The data
▬▬▬▬▬▬
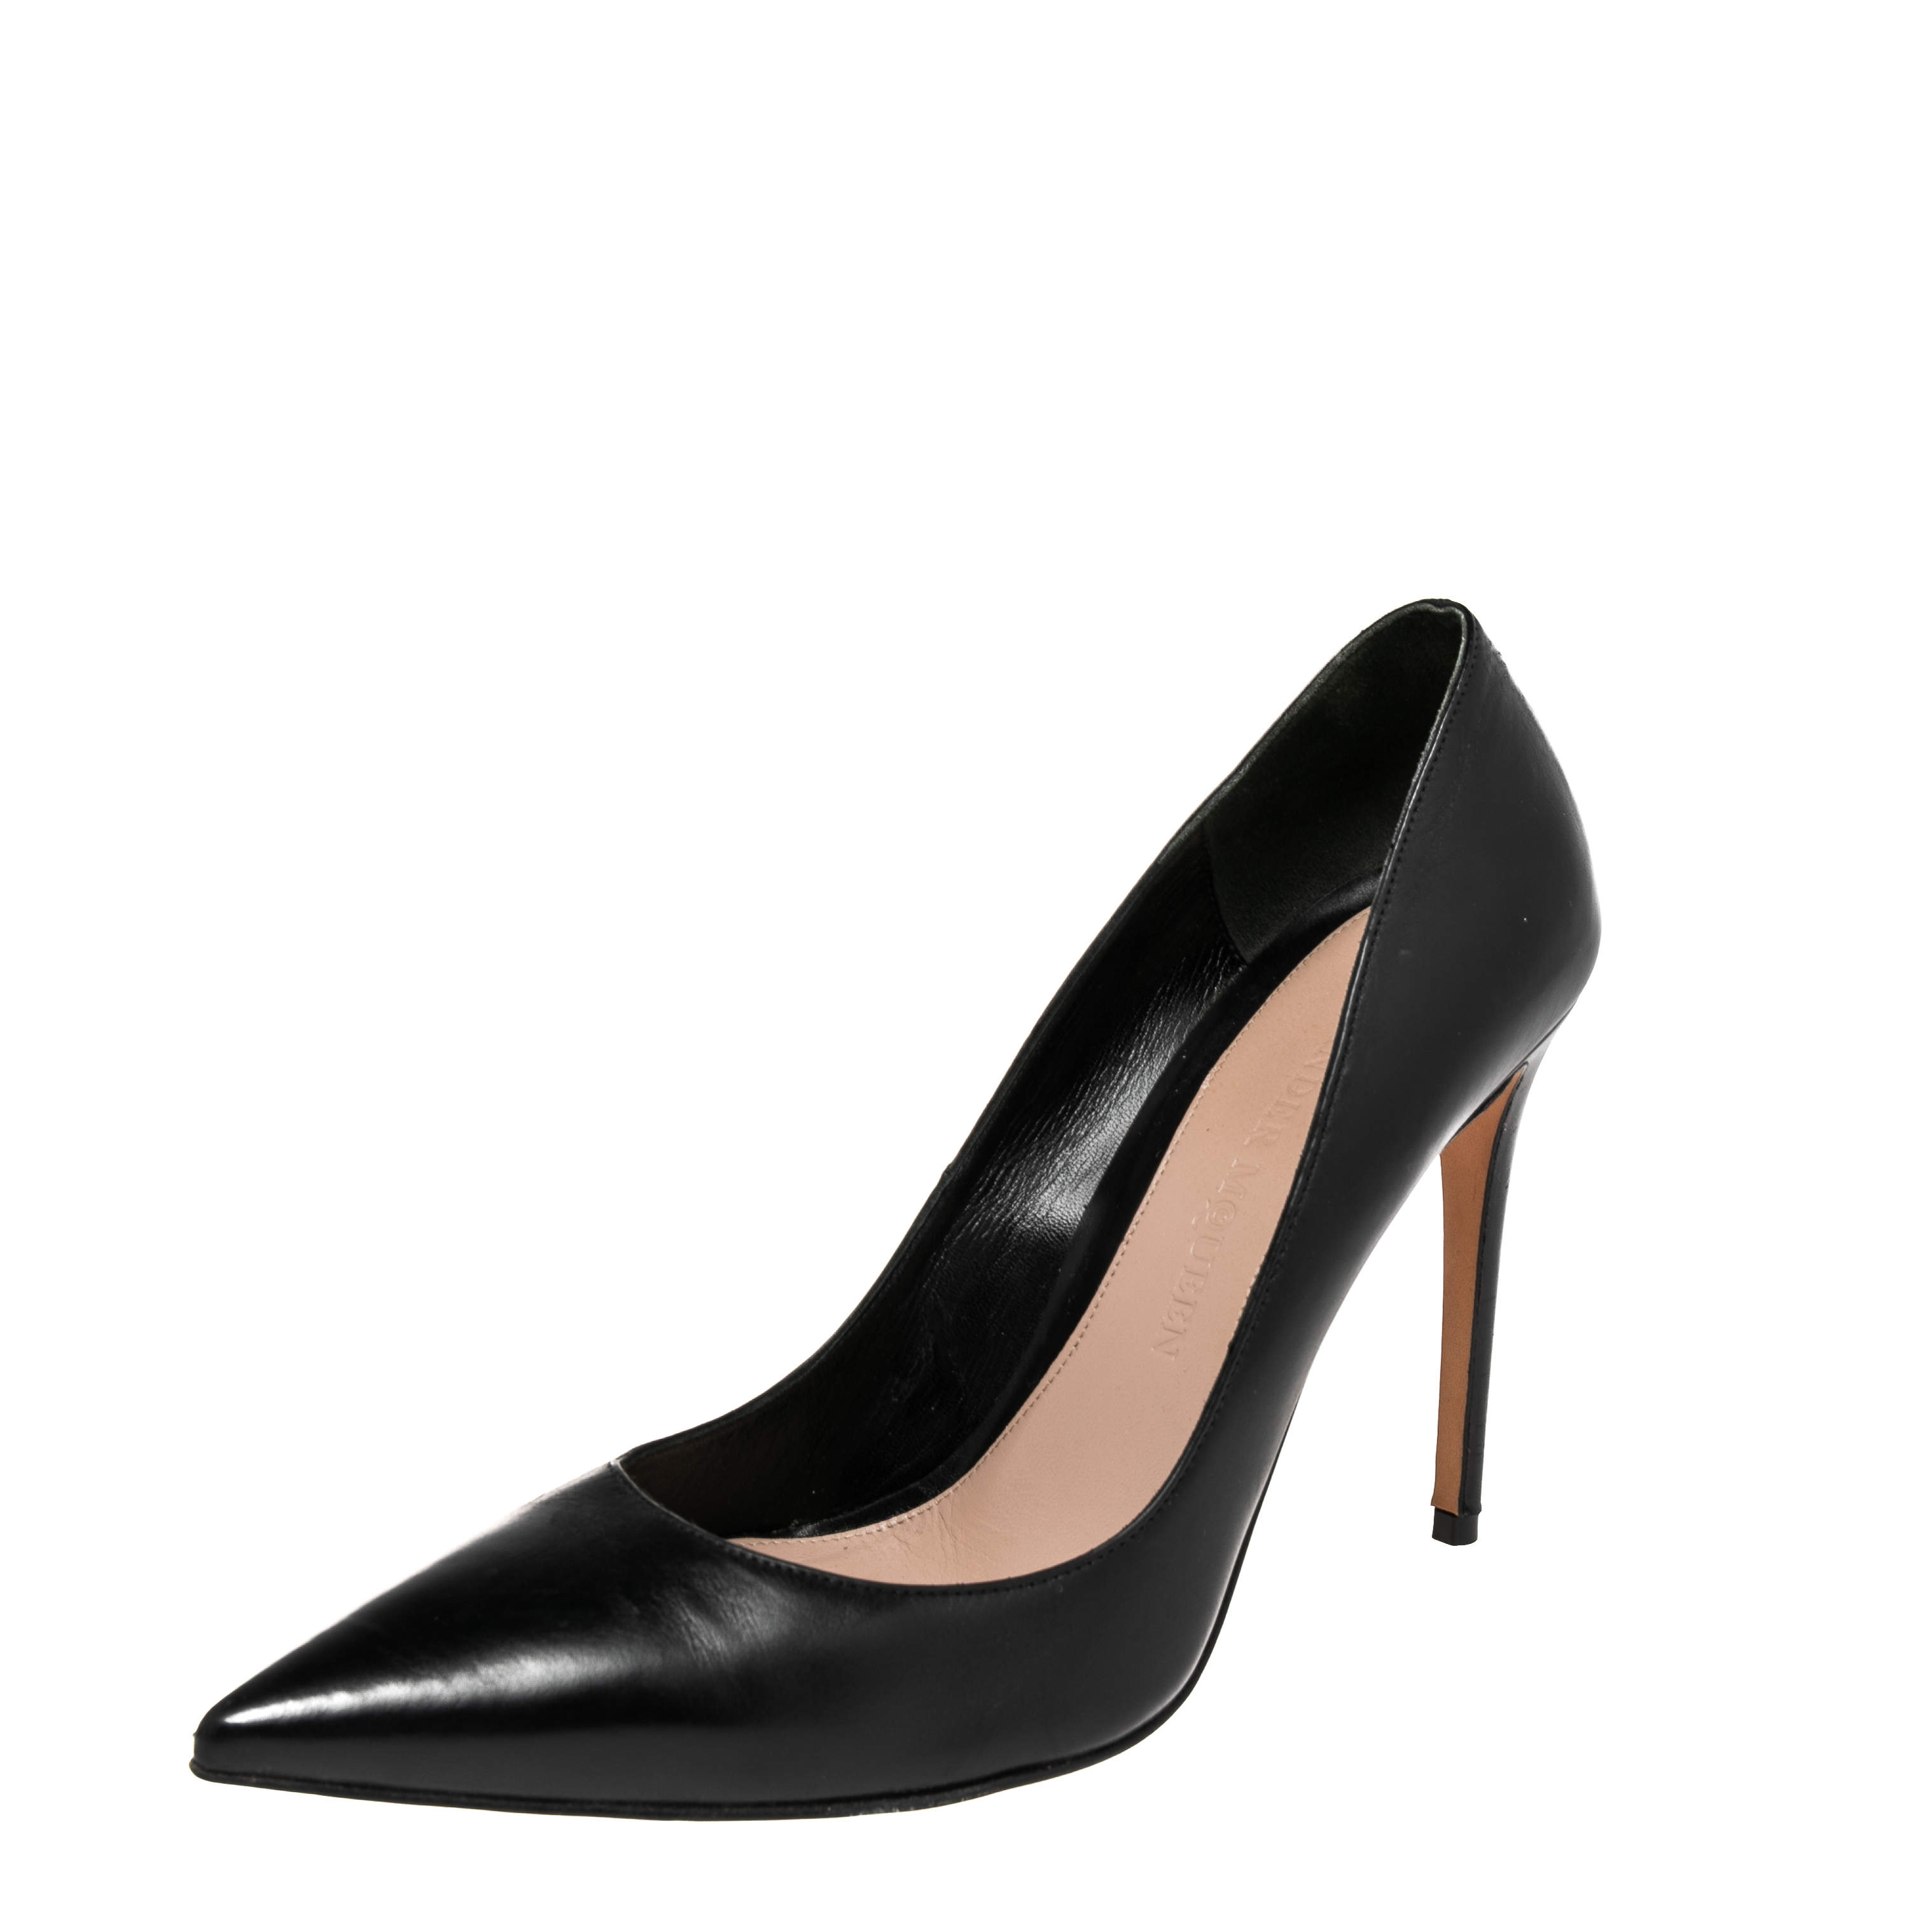 Alexander McQueen Black Leather Pointed Toe Pumps Size 39
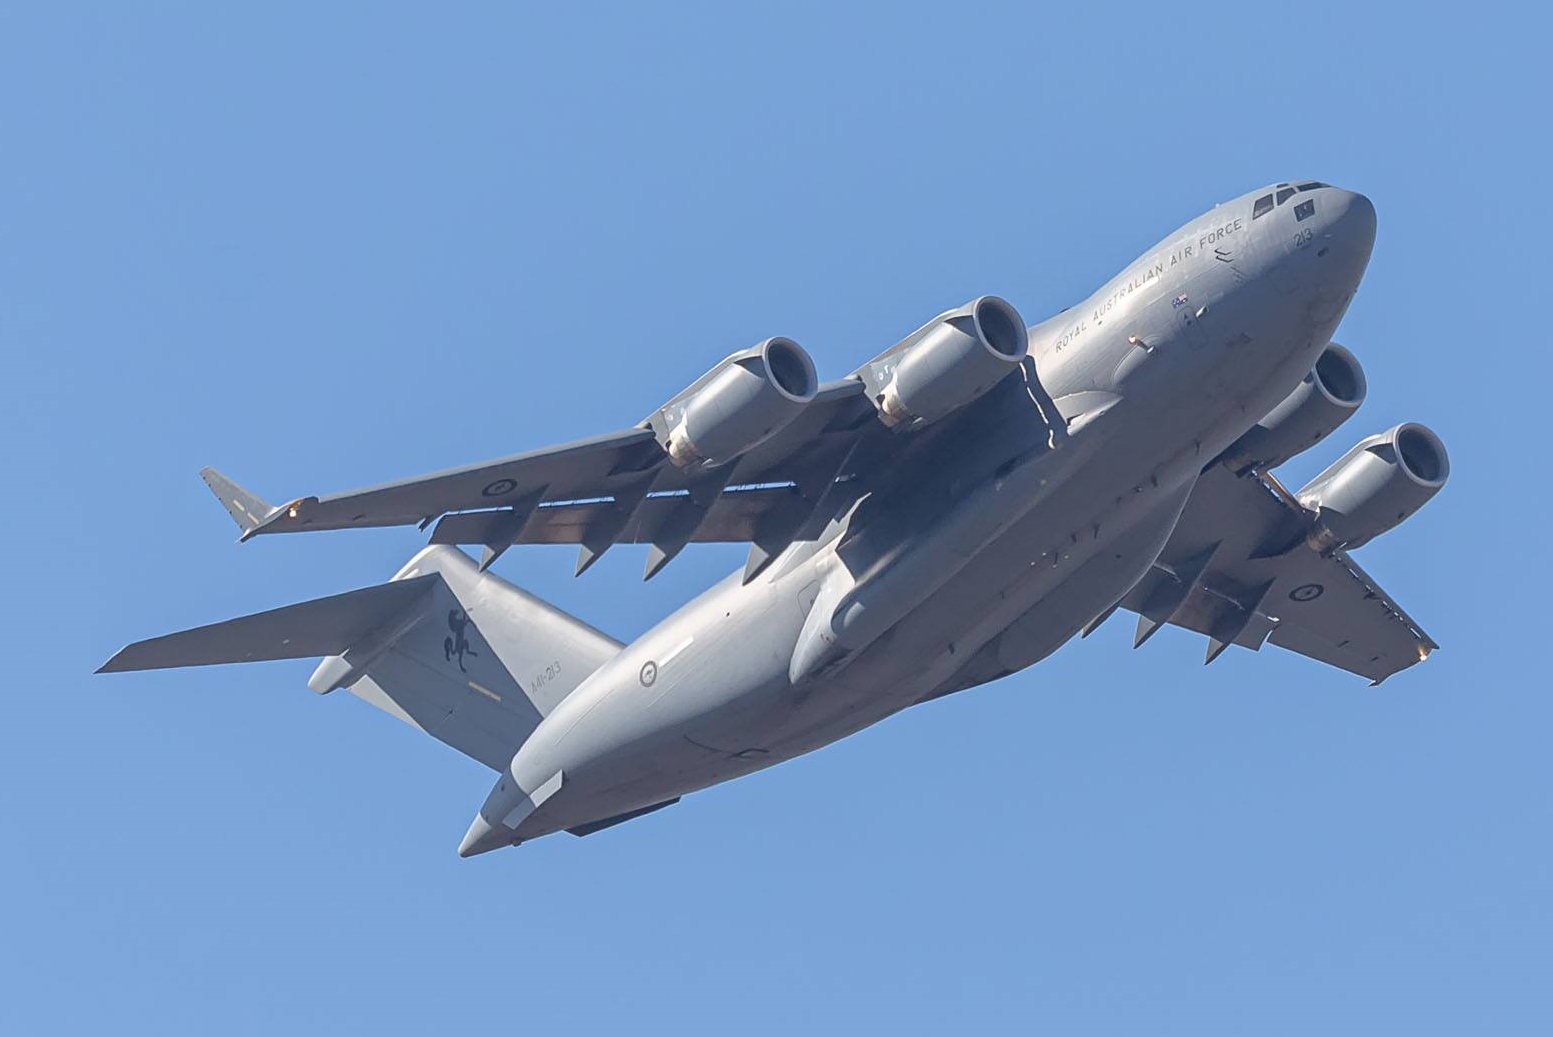 Queensland Plane Spotting: Royal Australian Force (RAAF) Boeing C-17A Globemaster III A41-213 "Stallion 62” Spotted Completing Airwork at Rockhampton Airport Plus More!
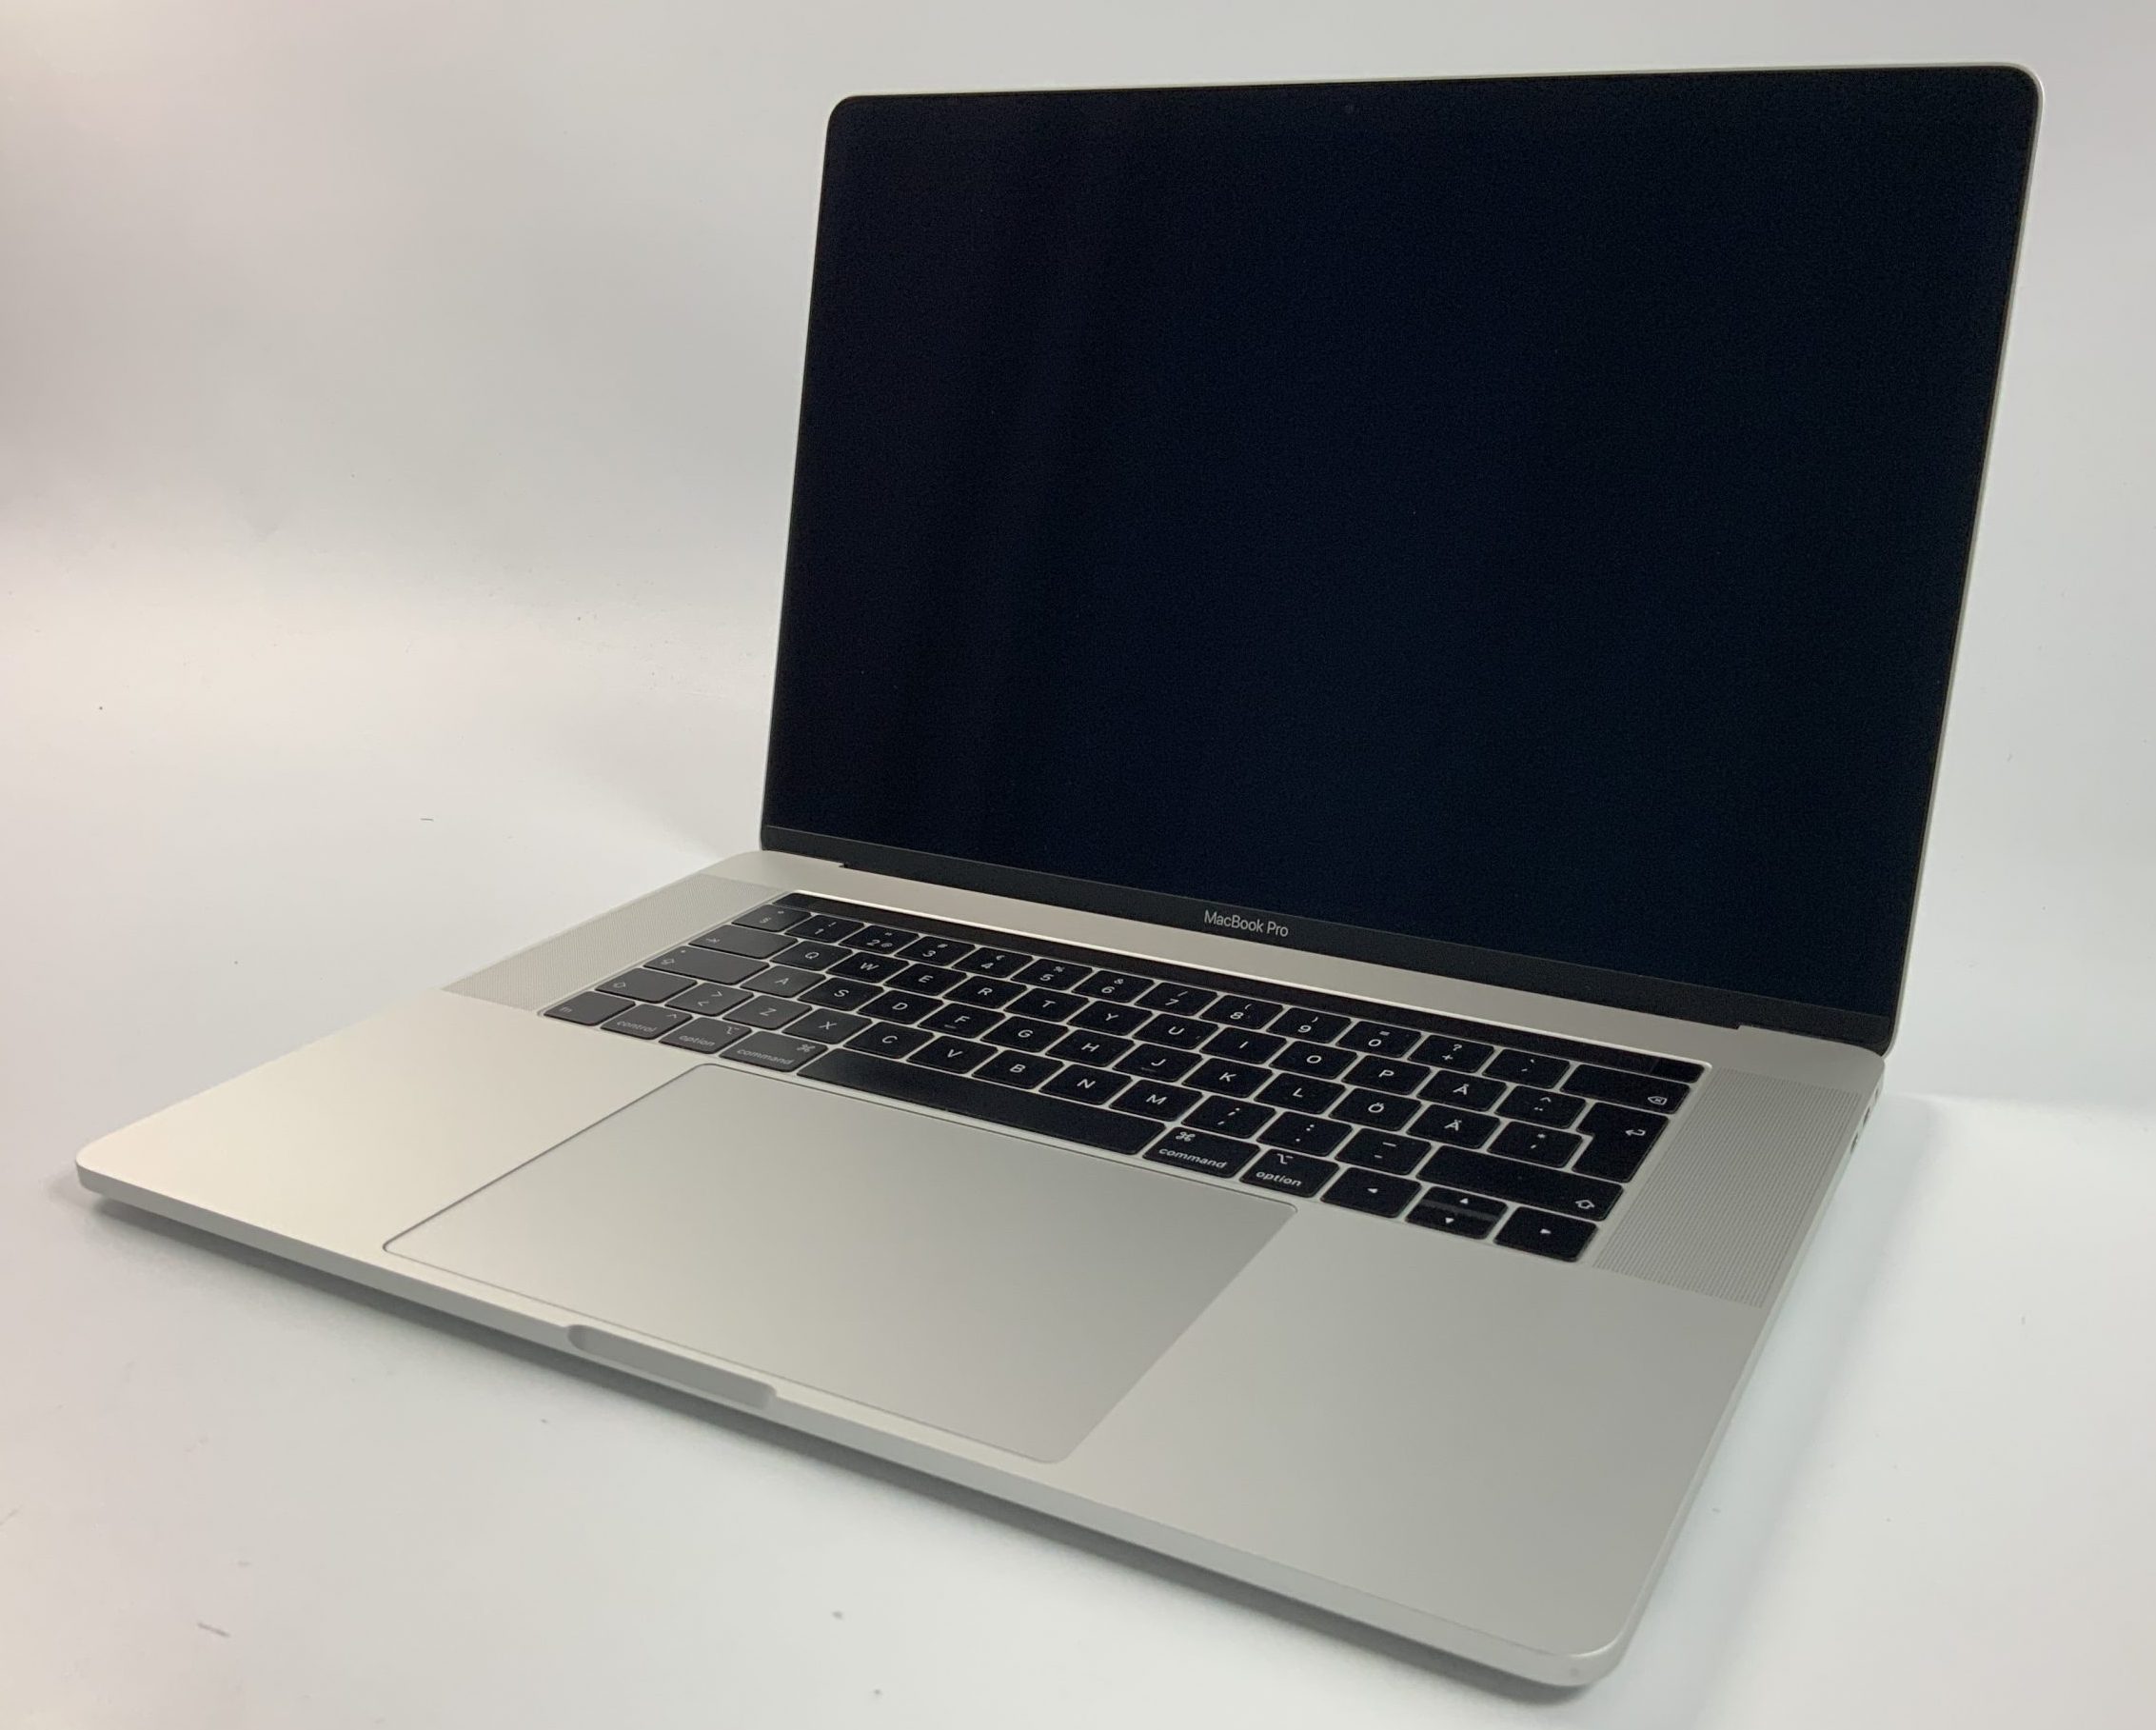 MacBook Pro 15" Touch Bar Mid 2018 (Intel 6-Core i7 2.6 GHz 32 GB RAM 512 GB SSD), Silver, Intel 6-Core i7 2.6 GHz, 32 GB RAM, 512 GB SSD, immagine 1
▬▬▬▬▬▬
Prompt
Please restate the data word for word, leaving out any picture it holds.

Output of the exercise
 Alexander McQueen Black Leather Pointed Toe Pumps Size 39
 Queensland Plane Spotting: Royal Australian Force (RAAF) Boeing C-17A Globemaster III A41-213 "Stallion 62” Spotted Completing Airwork at Rockhampton Airport Plus More!
 MacBook Pro 15" Touch Bar Mid 2018 (Intel 6-Core i7 2.6 GHz 32 GB RAM 512 GB SSD), Silver, Intel 6-Core i7 2.6 GHz, 32 GB RAM, 512 GB SSD, immagine 1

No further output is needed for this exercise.